At 2:45 PM, some Network Load Balancers, NAT Gateways and PrivateLink endpoints began to see recovery and by 3:35 PM, all affected Network Load Balancers, NAT Gateways and PrivateLink endpoints had fully recovered. The issue has been resolved and the service is operating normally.

— from AWS Service Health Dashboard

Regions and Zones

In order to better explain the incident, we need to dive a little bit into what AWS regions and availability zones are.

AWS has the concept of a Region, which is a physical location around the world where we cluster data centers. We call each group of logical data centers an Availability Zone. Each AWS Region consists of multiple, isolated, and physically separate AZs within a geographic area. 

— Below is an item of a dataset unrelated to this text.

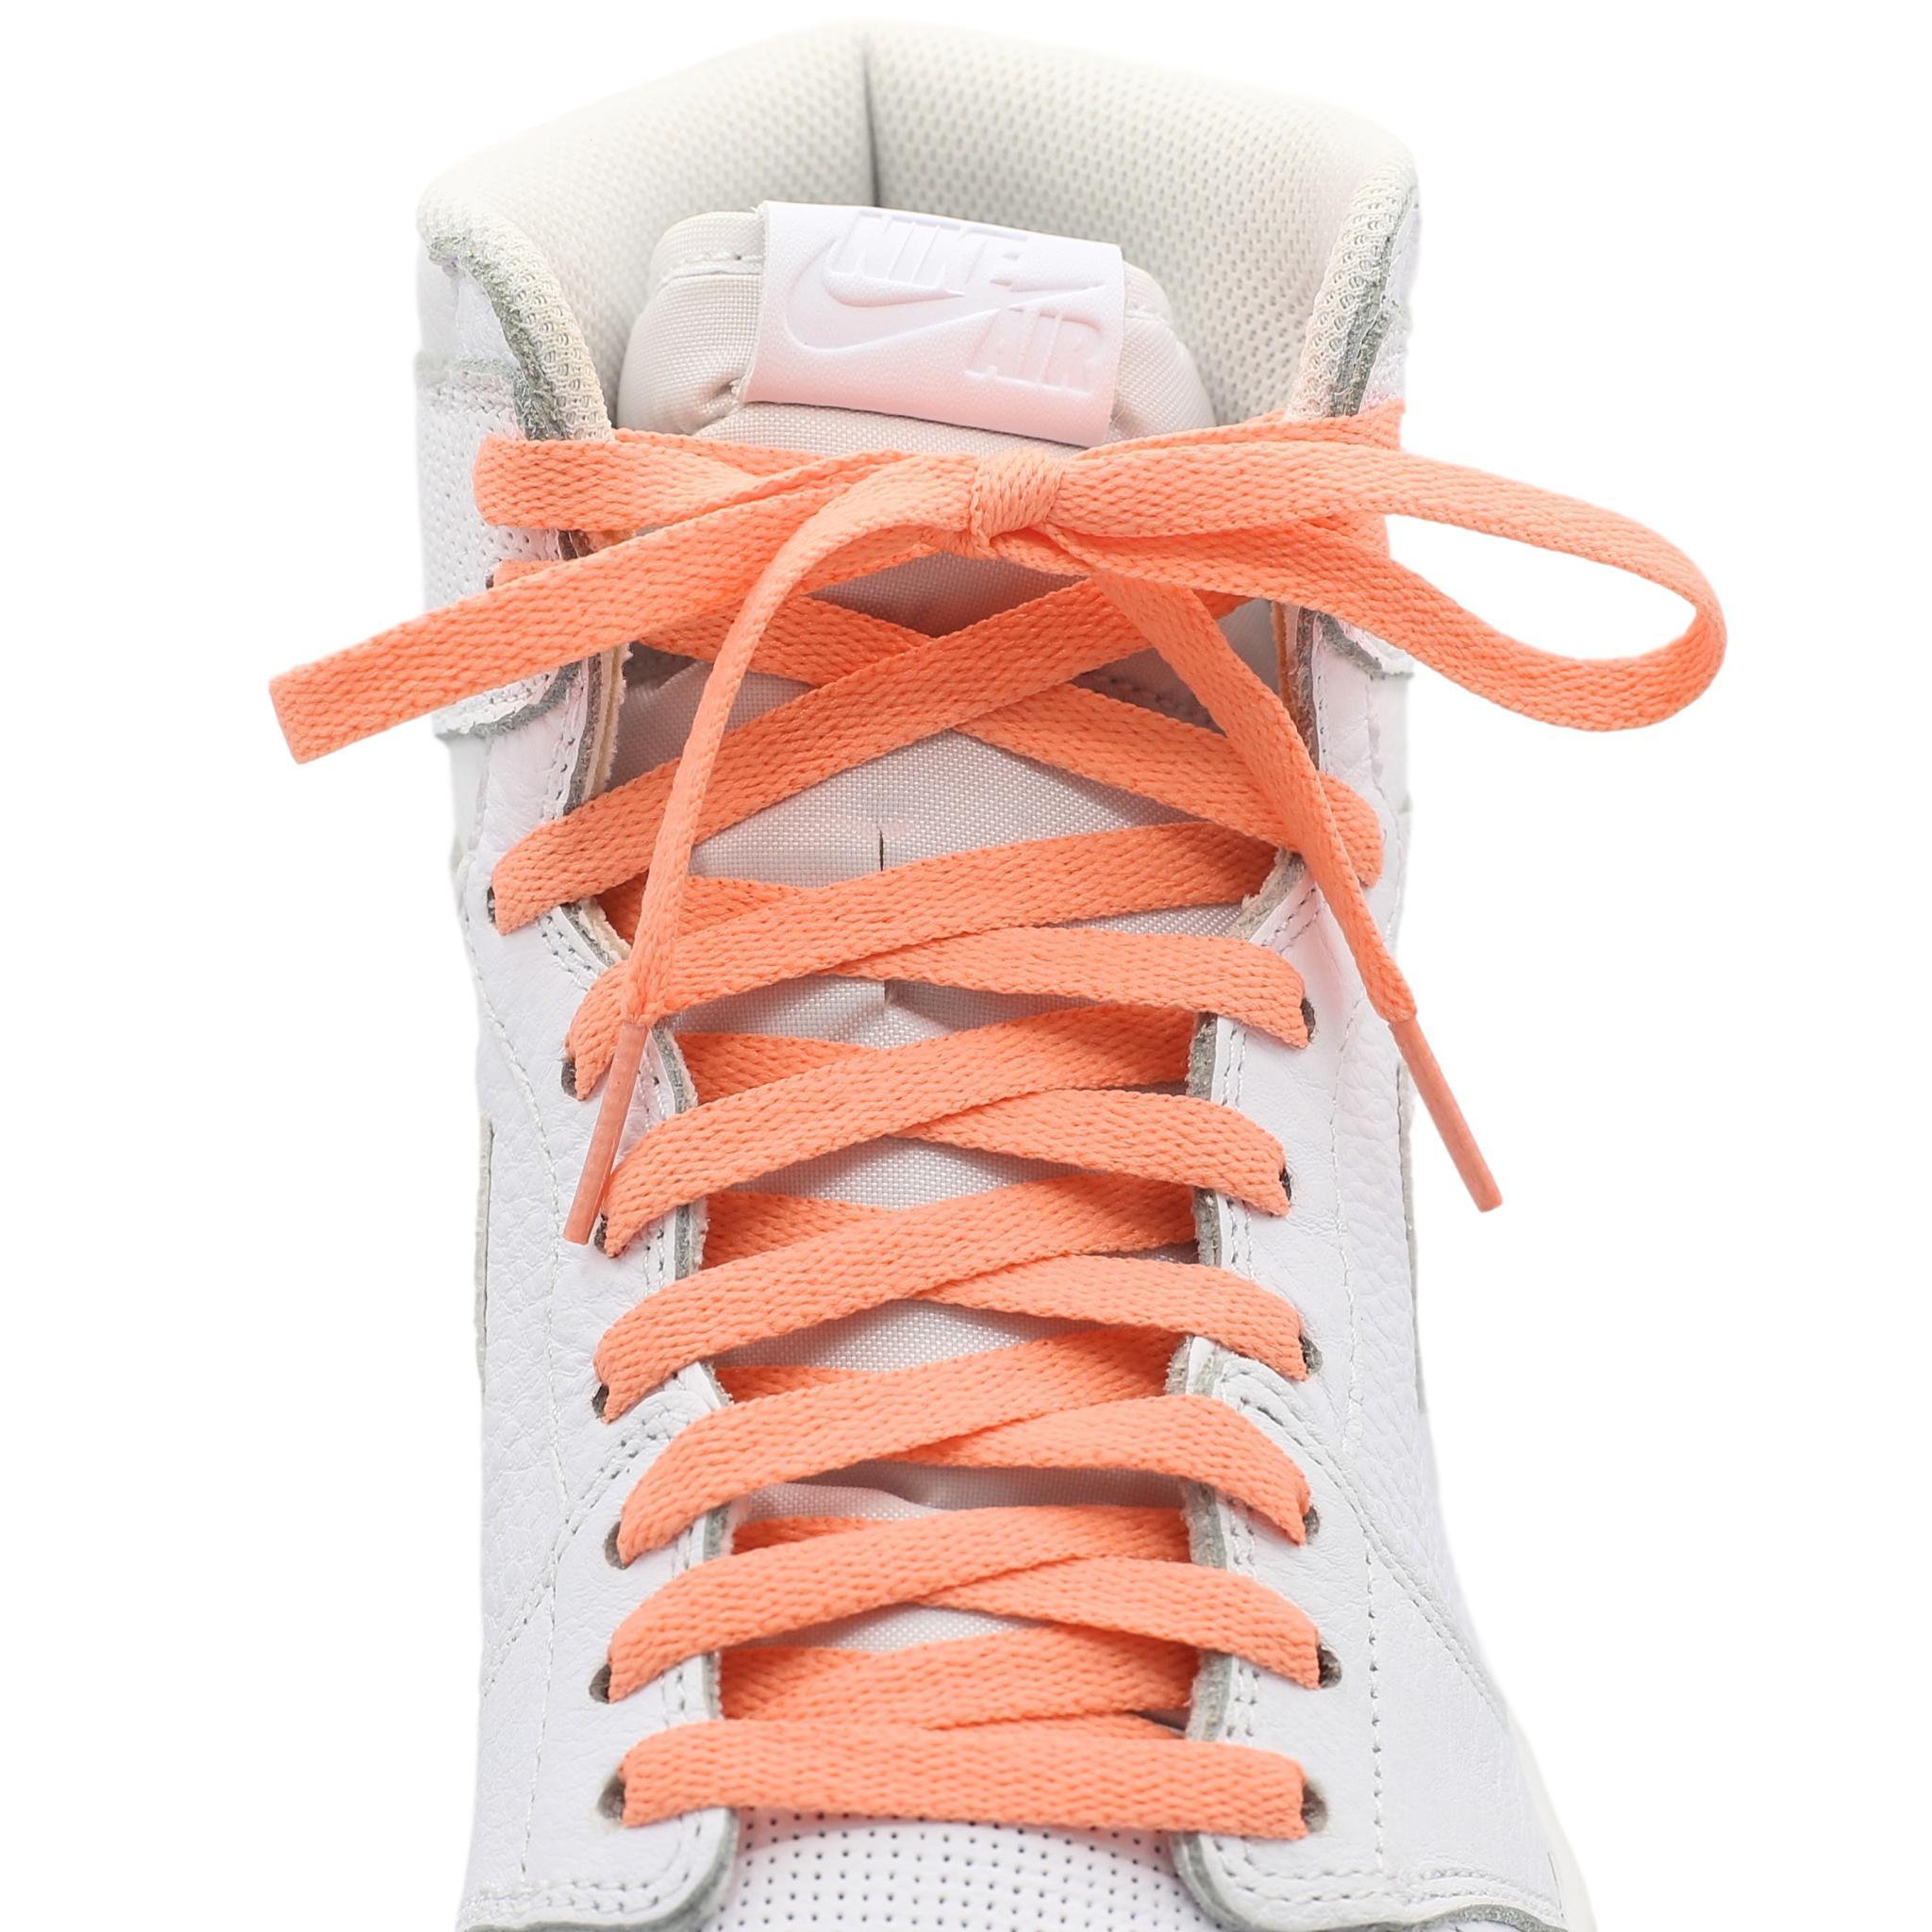 Jordan 1 Replacement Shoelaces

Each AZ has independent power, cooling, and physical security and is connected via redundant, ultra-low-latency networks. AWS customers focused on high availability can design their applications to run in multiple AZs to achieve even greater fault-tolerance. 

— excerpt from AWS Regions and Availability Zones

Multiple Availability Zones in an AWS region

Picture - Multiple Availability Zones in an AWS region

Regarding the incident, requests to any service deployed in the impacted availability zone (data center) were very slow, or failing (timing out) at a higher rate - in the case of this incident our telemetry measured a fail rate around 10-15%.

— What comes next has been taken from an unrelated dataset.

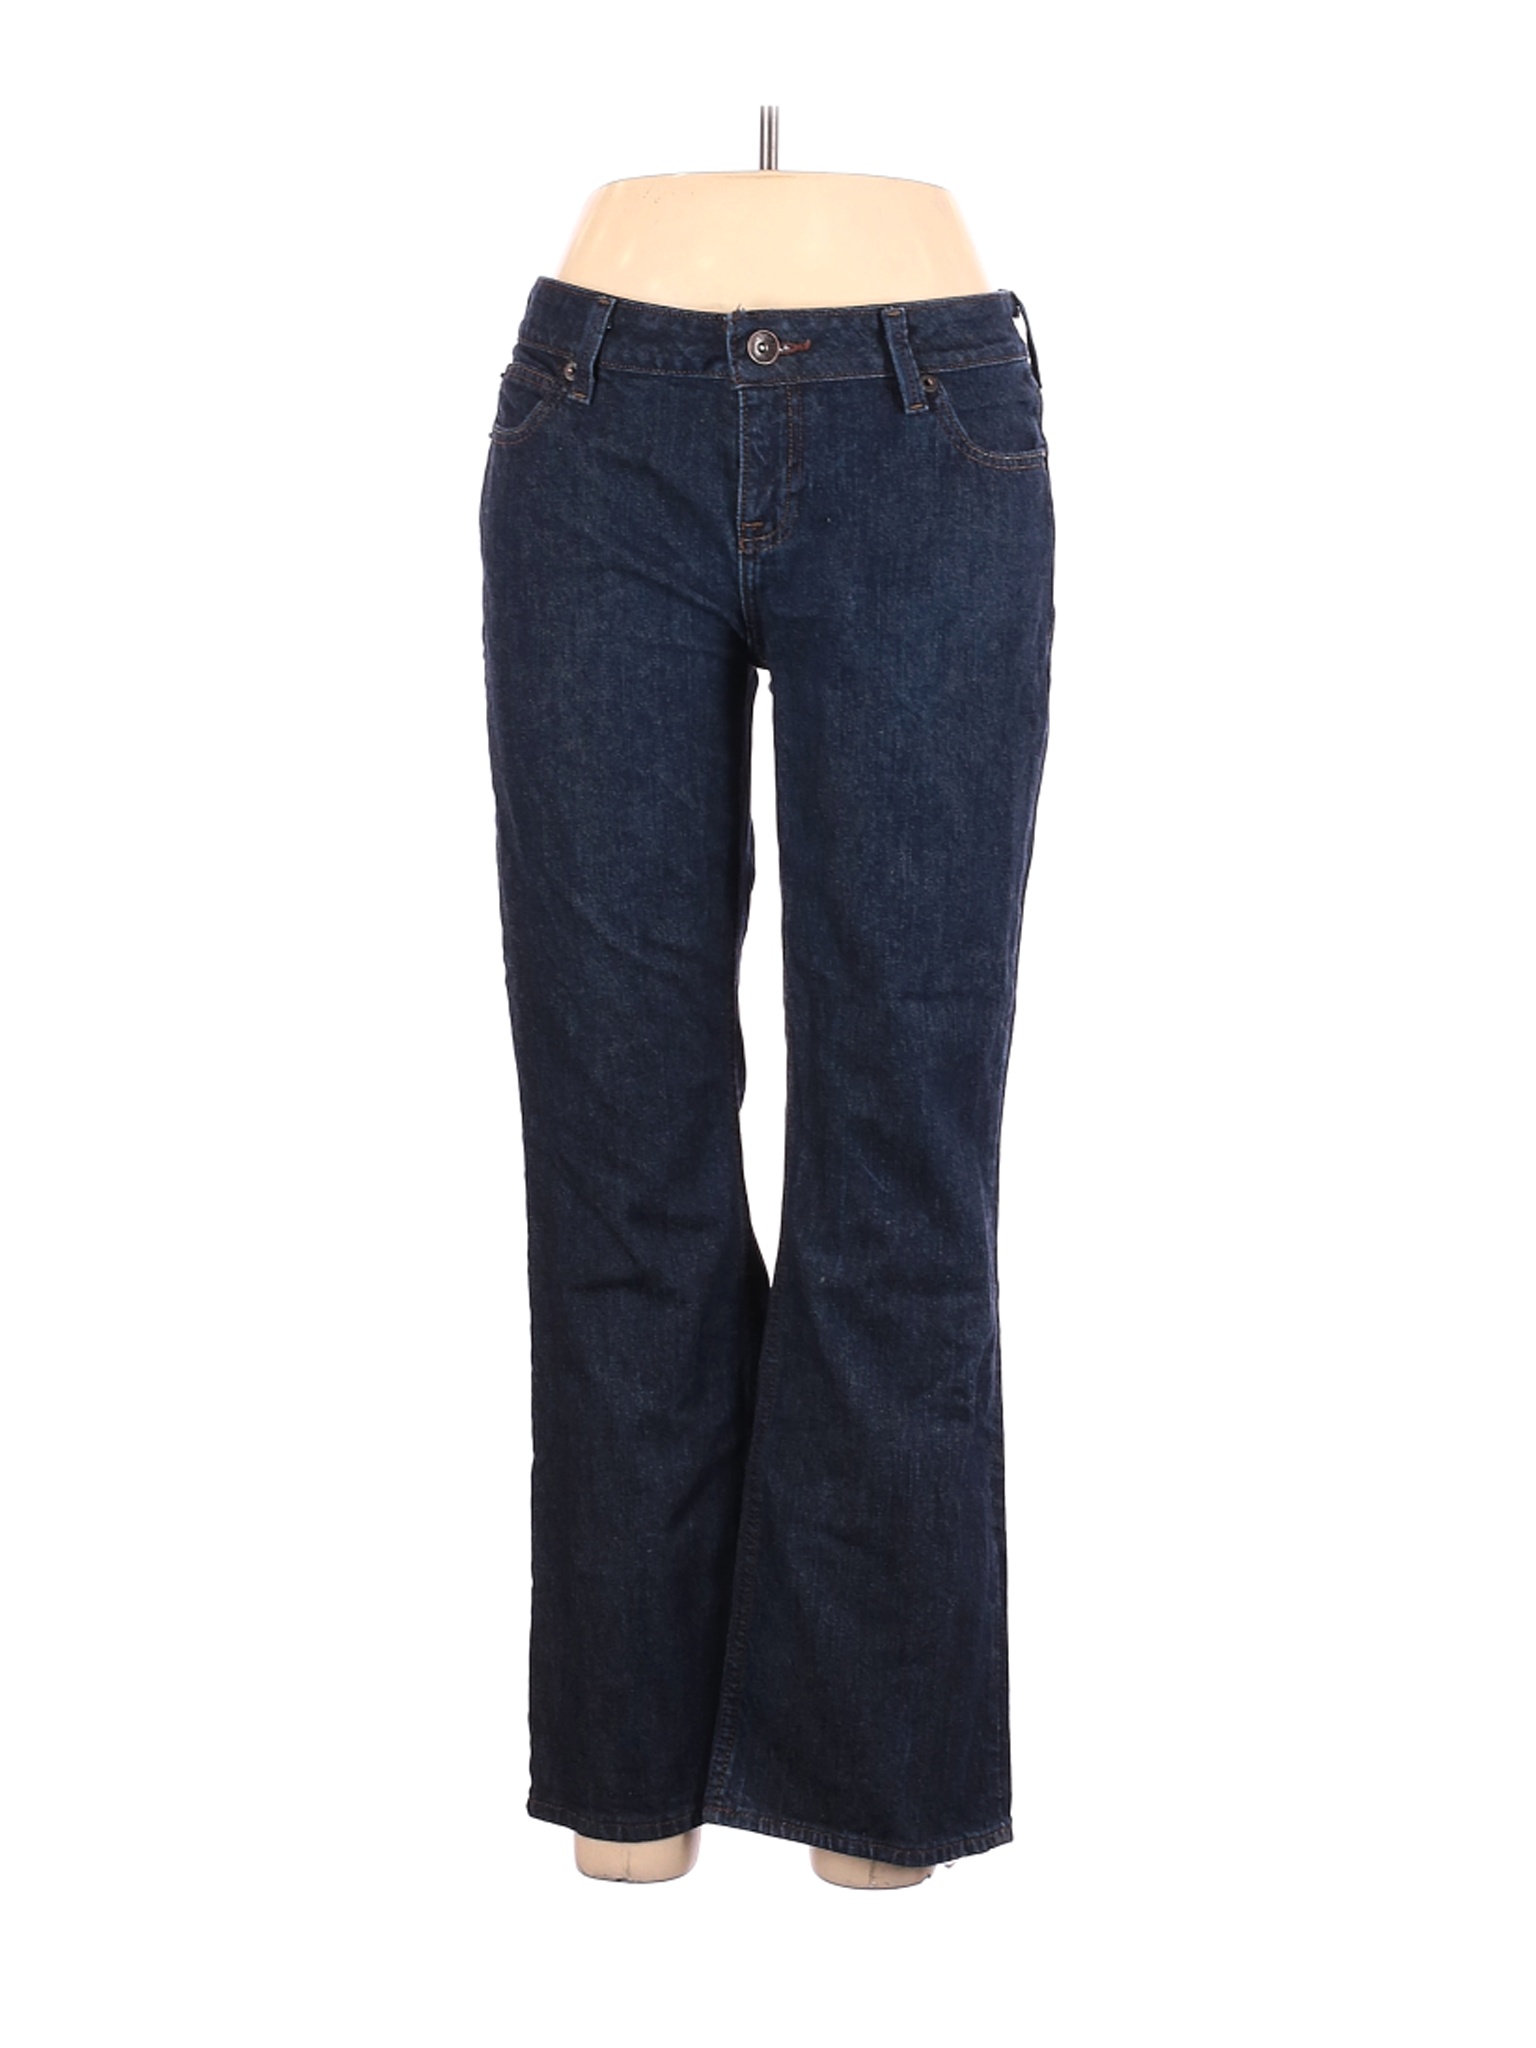 Apt. 9 Women Blue Jeans 12 Petites | eBay

Cloud applications (usually) consist of multiple services. Here are a few examples of how the impact could look like. If a fictional application:

  • was leveraging only the affected AZ with their services it would be failing at 10-15% rate.
  • had a key service in the affected AZ, other services would be ok, but anything depending on the key service would be failing.
  • had any networking component (balancer, ingress) deployed in the affected AZ, those requests would be failing.
  • was following AWS well architected framework guidance to “Distribute workload data and resources across multiple Availability Zones”, and was running multiple instances of each service distributed across multiple AZs, every request reaching replica of any service in the given AZ would fail (would timeout in this specific case) at an elevated rate.

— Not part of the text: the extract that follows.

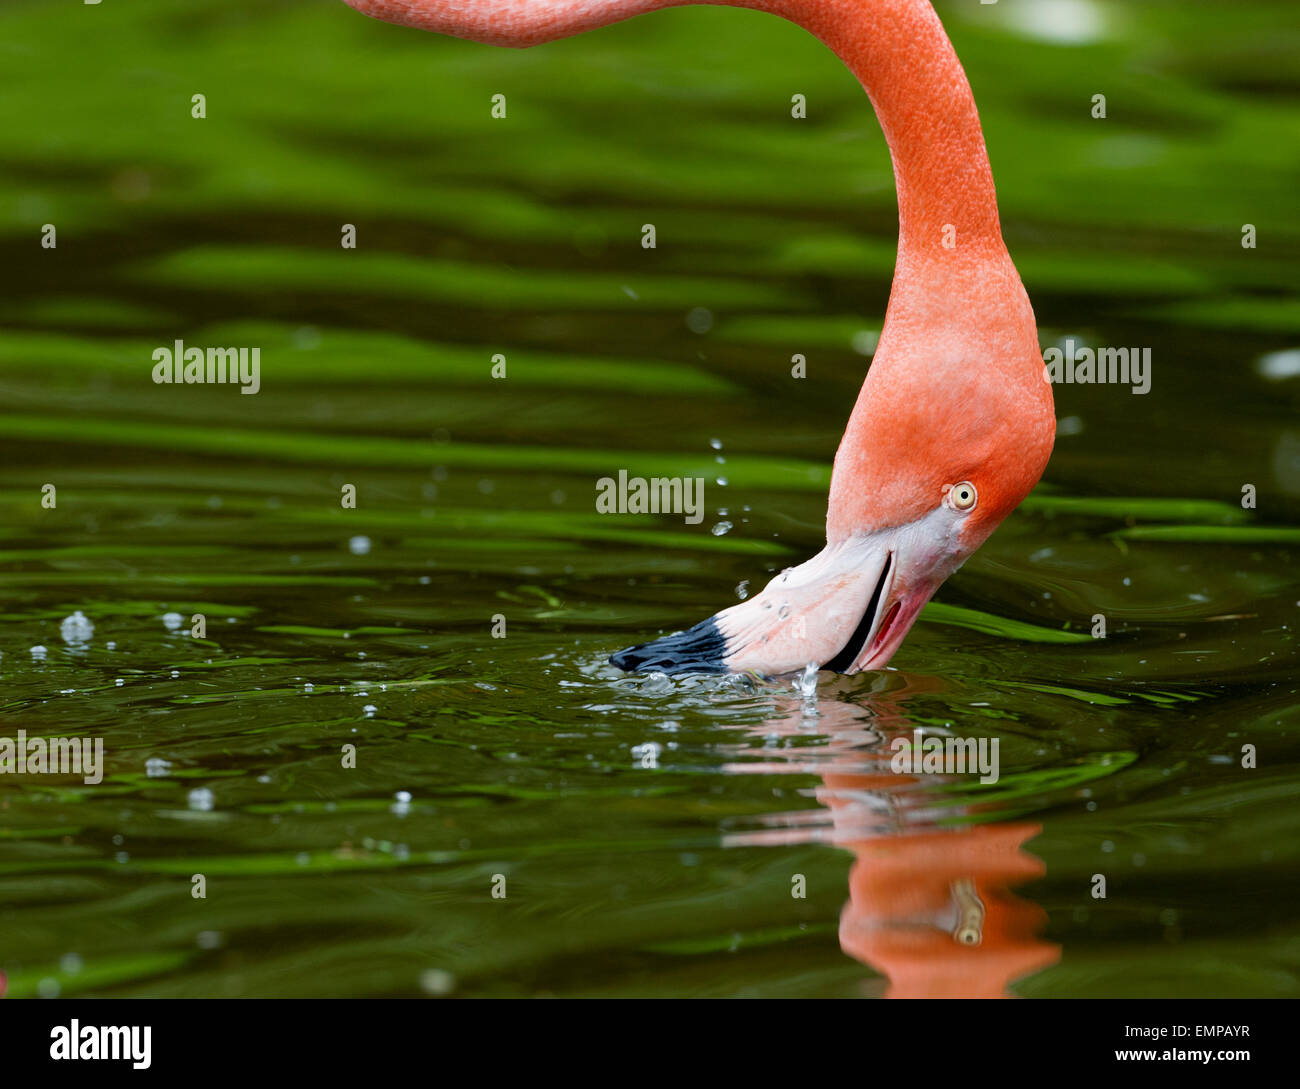 Flamingo showing the filter feeding bill mechanism. Stock Photo

In OneLogin, we are focused on high availability, so the system is designed to leverage multiple AZs (usually at least 3 in a given region).

Note: Since we follow the recommended high-resiliency, high-availability practice, we allow for cross-zone calls. But if the whole AZ is failing, it means that the request can fail on each layer of the topology. So, in the case of a complex solution with many inter-service calls, the total failure rate for each end user request may be higher than the raw Availability Zone fail rate (depending on the inter-service calls topology).

OneLogin deployment in US with Availability Zone affected

Picture - OneLogin deployment in US with Availability Zone affected

Login Clusters: To The Rescue!

In my previous post, I described how we designed Login Clusters as a way to achieve ultra high scale and reliability. This incident gave a clear opportunity to test that architecture!

So how did we do?

Incident Onset

Thanks to our mature telemetry and synthetic monitoring, our engineers and ops were promptly alerted to the issue right at the onset of the incident at 11:00 AM.

The team immediately jumped on the incident-bridge call and started assessing the situation.

We quickly narrowed the issue to the us-west-2 region, but within the region, the situation looked more complex. Each of our 75 services was reporting elevated failures, but nothing was completely failing.

In similar cases, often one of the key backend components that is used by most other services - like a database or a message queue - is the cause. But it can also be some networking component or any other wide-spread cause.

Onset of the incident from our telemetry.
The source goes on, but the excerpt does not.